George Bernard Shaw adds his thoughts: 
Forget about likes and dislikes. They are of no consequence. Just do what must be done. This may not be happiness but it is greatness.
  • Napoleon Bonaparte links greatness with the human longing for continuing one’s existence and immortality - “Greatness be nothing unless it be lasting.” 
  • Johann Wolfgang von Goethe reminds that not everyone can be great – “Everything great and intelligent is in the minority”.

The wisdom of the Bible brings a healthy perspective to greatness – 

“Great men are not always wise: neither do the aged understand judgment. Job 32:9”

Do you wish to be great?

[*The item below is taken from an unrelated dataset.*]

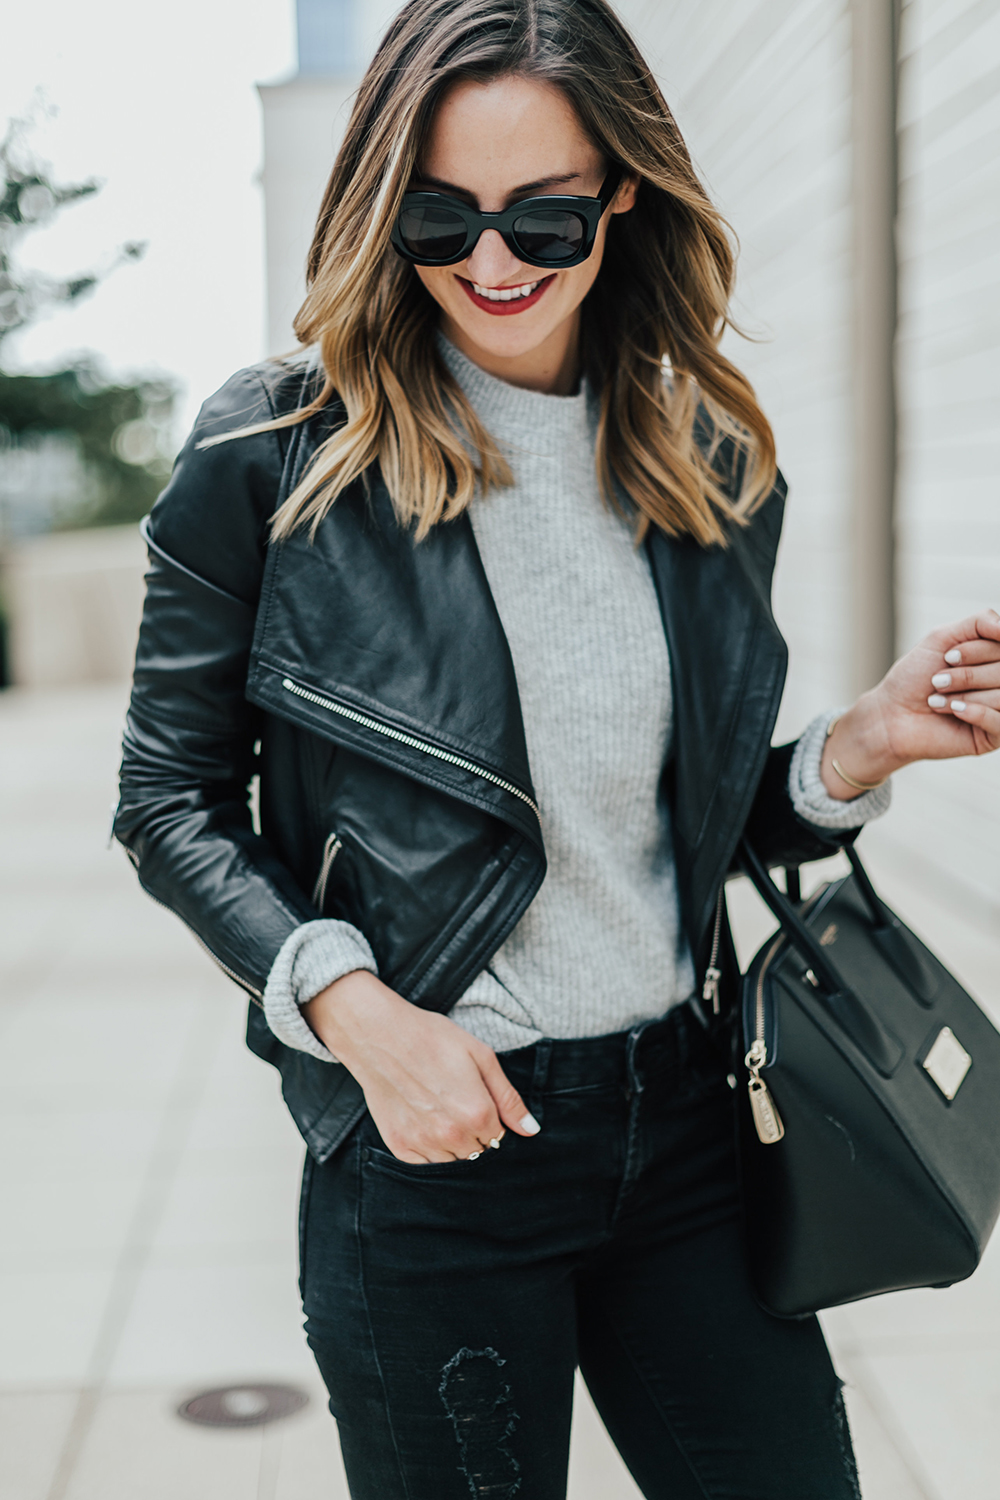 Grey & Black - LivvyLand | Austin Fashion and Style Blogger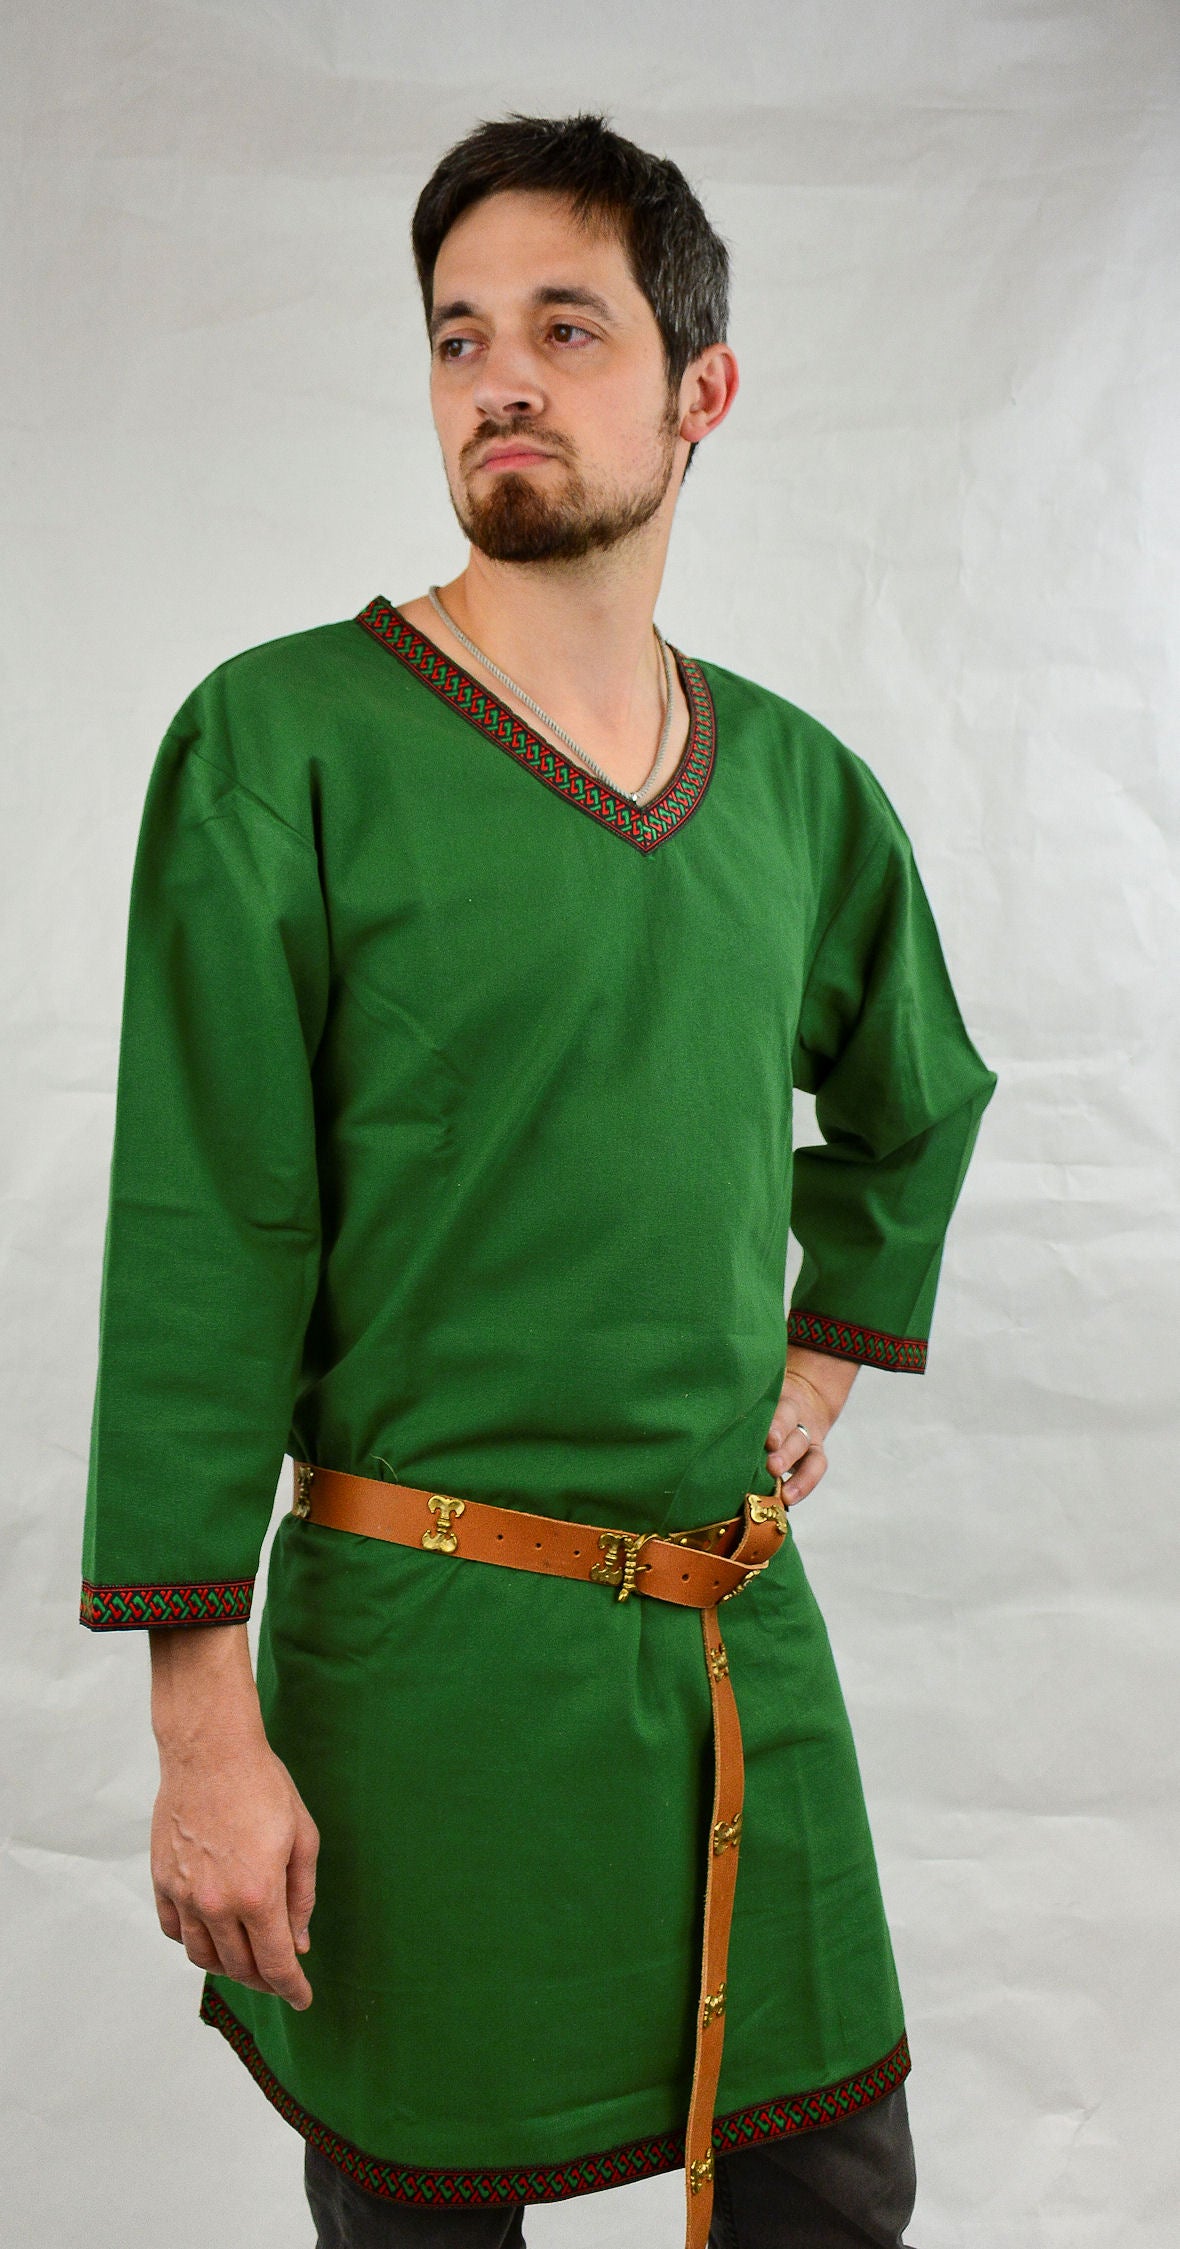 male model wearing a green Viking Tunic

What is your input towards that end?





9 comments:

Jill Henderson said...

Lots of intriguing idea. Enjoyed reading. We were discussing this topic with students only last week. It seems that worldly recognition and honours go to the wrong people sometimes and real greatness is unrecognised.

Thomas P. said...

Very insightful and thought provoking. I like the ideas you presented, and any time you cause the reader to think is a good thing.

A. Simon said...

It's true that greatness can be understood in many ways. By questioning and taking a critical approach, we see things in perspective. I liked thinking about this topic.

Andron said...

Many good thoughts here. I still can't decide if Napoleon was a great man after all.

Exec. Dustan said...

Among politicians we see so many who aspire to greatness. George Bush must've thought himself as great. If not deeds, they have great egos. Good post.

Reata O said...

Awesome. I'd be really disappointed if people in 200 years time would read about Bush the Great.Ugh!

Ram Bansal said...

Greatness in human history is of two types - one captured through power as by Alexander and Akbar in India, and the other real greatness is bestowed by great deeds. Greats of the second category are rare because the society rarely recognises their greatness.
In my opinion, great is the person who does something important to take the human civilization to higher heights on platform of morality.

Haissam Safie said...

Greatness through recognition seems too material to be the right path. Trying to be great is probably a sign that you will not be. The drive for achievement could reveal itself a thermometer.